It’s almost been 2 years since I spent a summer in Seattle interning with the Splunk Security Practice (SecPrax) Team. Damn, time flies! The Splunk Security community is growing everyday, due to the unbelievable amount of flexibility, visibility, insight Splunk Enterprise offers for all data and as I have learned all data is security relevant. Back at Splunk to work with the Security Research team, this is my first blog post and I would like to hear what you people have got to say about it, so please leave a feedback/comment.
What am I missing while doing threat intelligence?
While I am doing some research looking for threat intelligence data sets to ingest into Splunk, I realized there can be an operational gap between the attributes offered by threat feeds (which is a boring list of publicly known bad IPs, domains, etc) and how can I effectively leverage that list to improve my security.
The questions to answer are: Do we have any additional context regarding bad IP address? Do we care if the owner of a bad domain is sending us emails? Do you know if those malicious domains are registered with your company’s details? How relevant is the information from the threat feed while performing an incident investigation? The answer to these questions is something that is missing while doing threat intel. A good way to start efficient threat intelligence is to enrich the list of raw IP address with required external context such as…….
- Domain/IP to URL: to check what each of the bad IP would resolve into.

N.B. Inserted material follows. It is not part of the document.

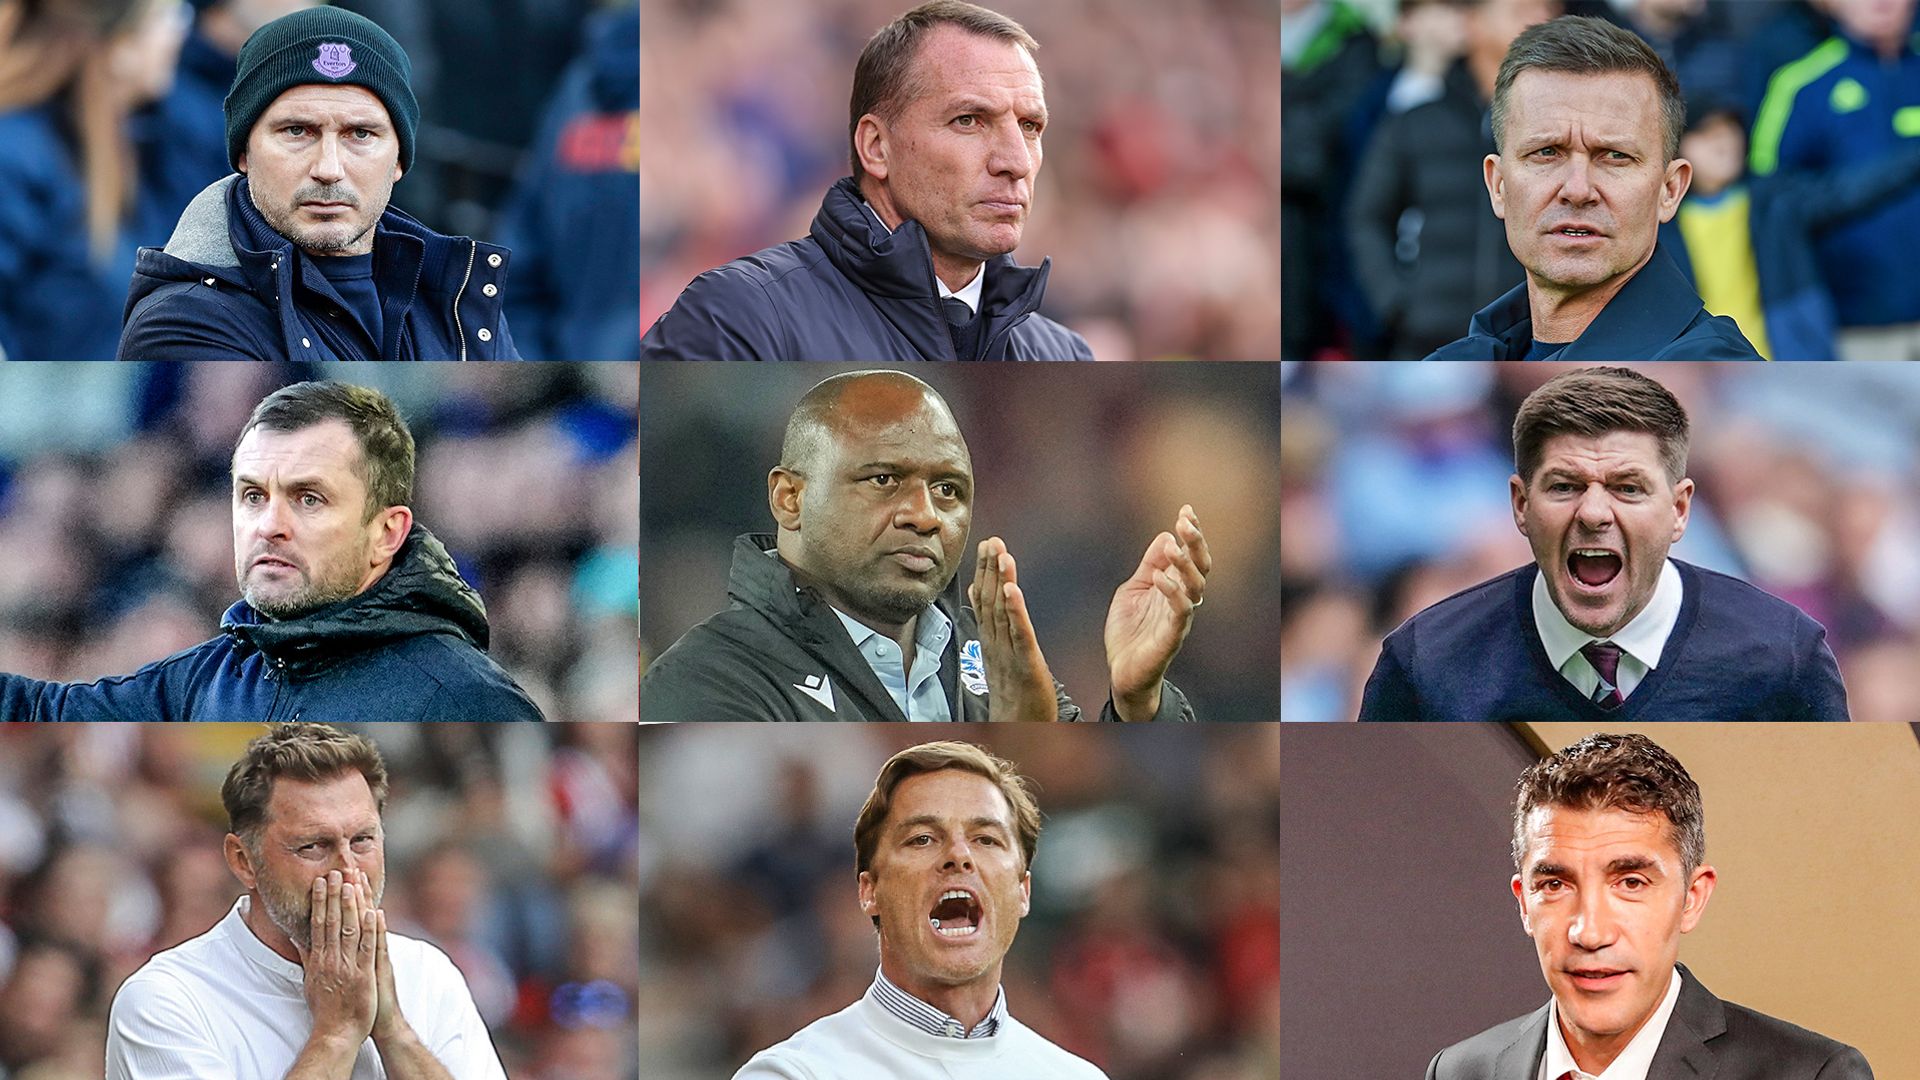 Does sacking a manager improve Premier League survival chances?

- Passive DNS and WHOIS information, the AS routes, and the score of its BGP routing
- Reputation score, IP Address resolution, website category on VirusTotal
- Bad IP associated to what malware campaign, other associated IOCs, etc
…….and to integrate them seamlessly into the detect process to not only make the Threat Intel more actionable, but also to assist in triaging and investigating incidents. So my aim is to generate and enrich threat intel data which essentially is of Splunk, by Splunk and for Splunk-ing – Did I just alter the quote by Mr. Lincoln?

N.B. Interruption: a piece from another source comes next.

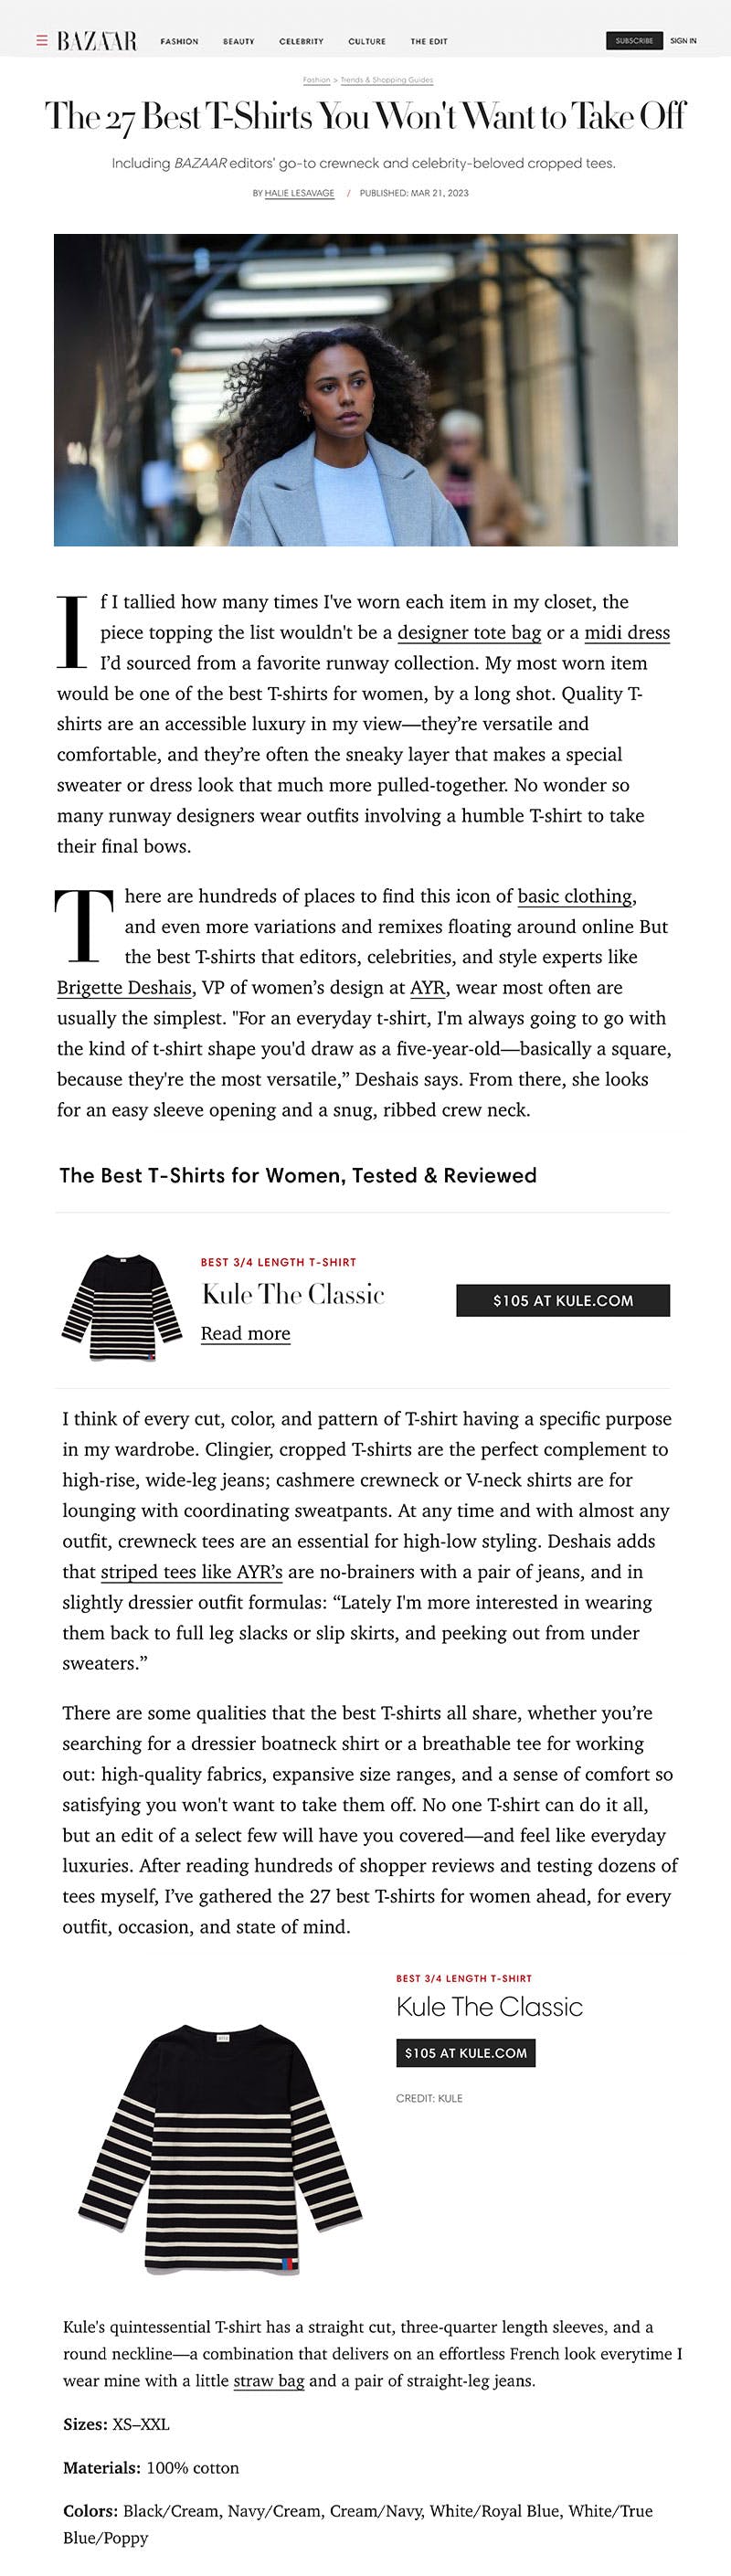 Harper's Bazaar featuring KULE Classic Tee as best 3/4 length sleeve tee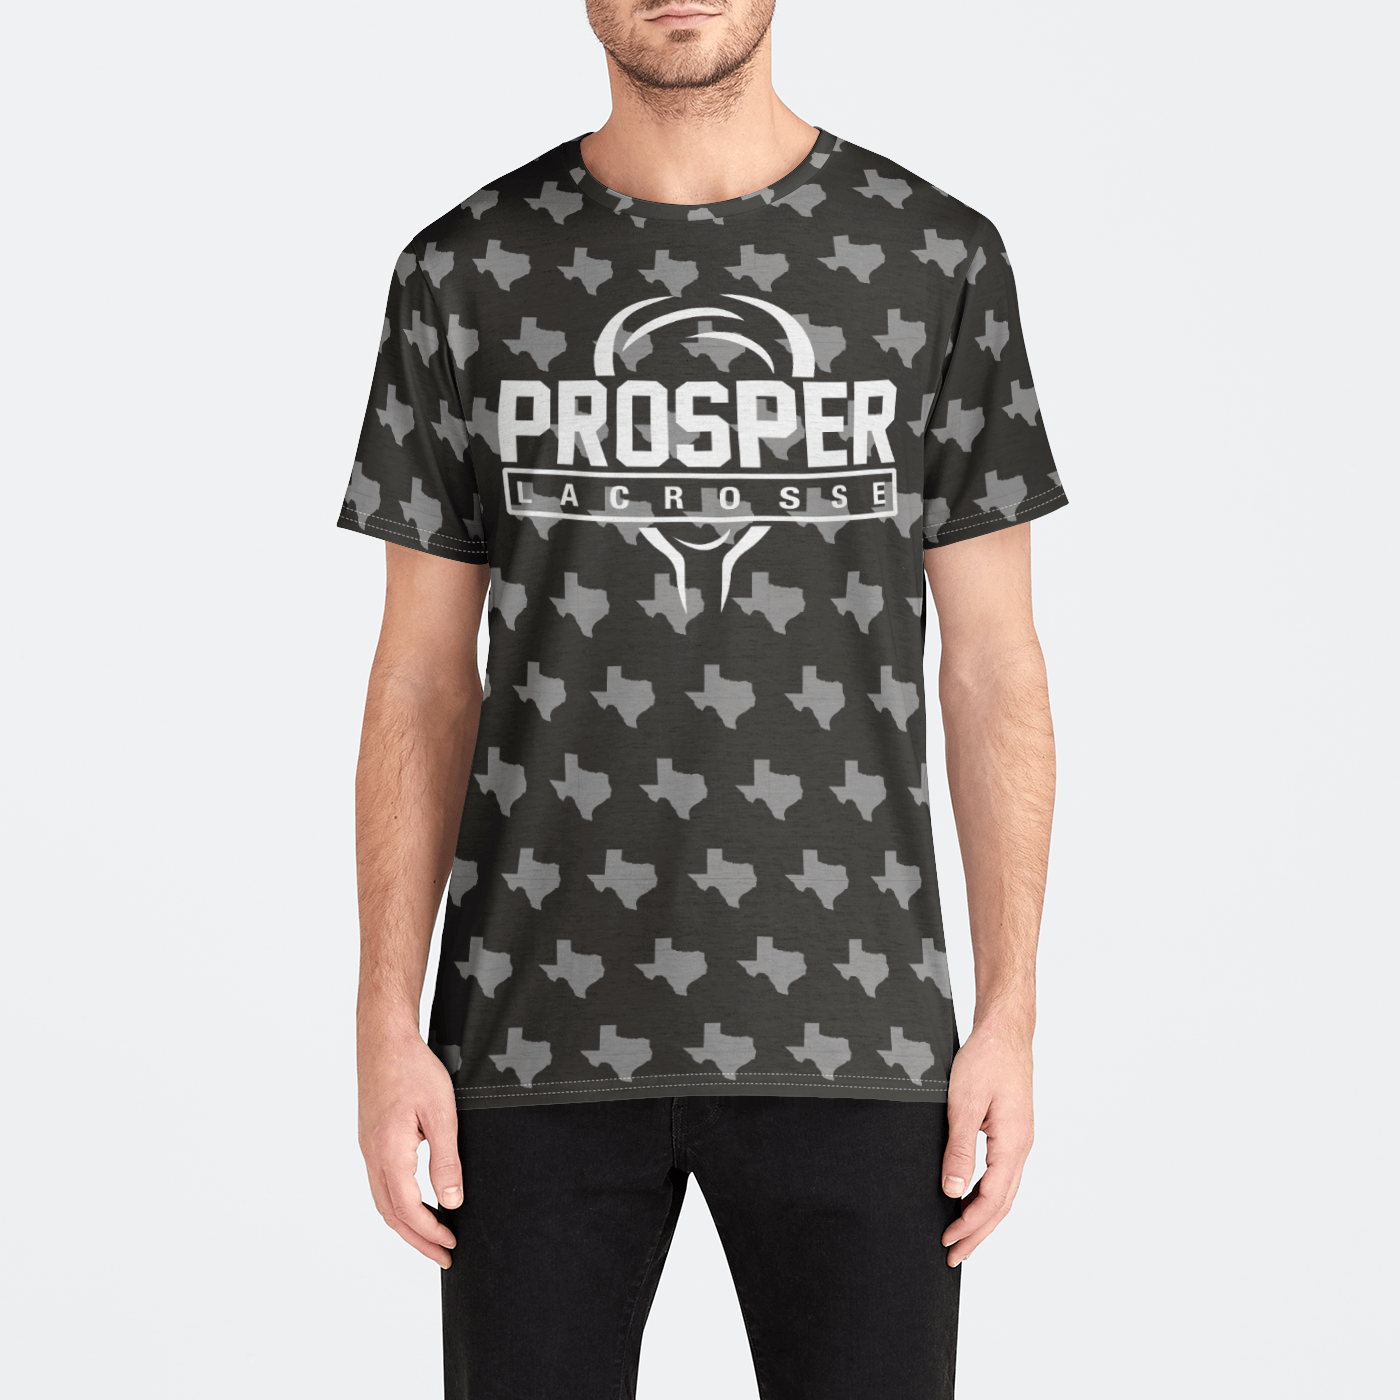 Prosper Youth Lacrosse Athletic T-Shirt (Men's) Signature Lacrosse

I will walk through the process I learned to generate your own threat dataset with whois information and provide you with use cases on how do we best leverage this custom command for your Splunk instance.
So, how do I generate context around an IP address in Splunk?
- Enrich the IP address with WHOIS information
- In Splunk, you are only limited by your creativity. Use other sources like VirusTotal, Passive DNS, IOC Bucket, etc to gather context and enrich your threat data.
Step 1: Create an app skeleton for custom search commands
(download the code from the git repository :mysplunk_csc)
Refer to the blog, if you are new to custom search commands. Alternatively, you can copy paste the generateblocklist_app in $SPLUNK_HOME/etc/apps directory. As with any Splunk app there is a specific file layout and some configuration files that are required. Use the searchcommands_template in the Splunk SDK for Python which can be found at :
/splunk-sdk-python-1.5.0/examples/searchcommands_template
- Create a folder generateblocklist_app in $SPLUNK_HOME/etc/apps/ and copy the contents of searchcommands_template to the new folder.
- In the bin folder of the generateblocklist_app, delete the filter.py, report.py and stream.py as they are not going to be used in our application
- Rename generate.py ->generateblocklist.py
- Copy the /splunk-sdk-python/splunklib folder into the $SPLUNK_HOME/etc/apps/generateblocklist_app/bin folder
Step 2: Search and Replace in generateblocklist_app.
Edit bin/generateblocklist.py, and app.conf, commands.conf and logging.conf in the default folder.
- Replace each instance of %(command.title()) with GenerateBlocklist in bin/generateblocklist.py
- Replace each instance of %(command.lower()) with generateblocklist as this is the name of the command.
- Replace each of the remaining %(…) values in app.conf with the appropriate information based on the name. The specific values in this case don’t really matter, but you must put something.
- Create a file collections.conf in generateblock_app/default directory to point the application to the KVStore in use. In our case the name is kvwhois
[kvwhois]
- Create a file transforms.conf in generateblock_app/default to enable a lookup emergingthreats and include the following code
[emergingthreats] external_type = kvstore collection = kvwhois fields_list = _key, _user, asn_registry, asn_country_code, nets,raw, asn_cidr,raw_referral,asn_date,query,referral
By this step, your generateblocklist_app should have the file structure setup and the configurations required to be able to generate data.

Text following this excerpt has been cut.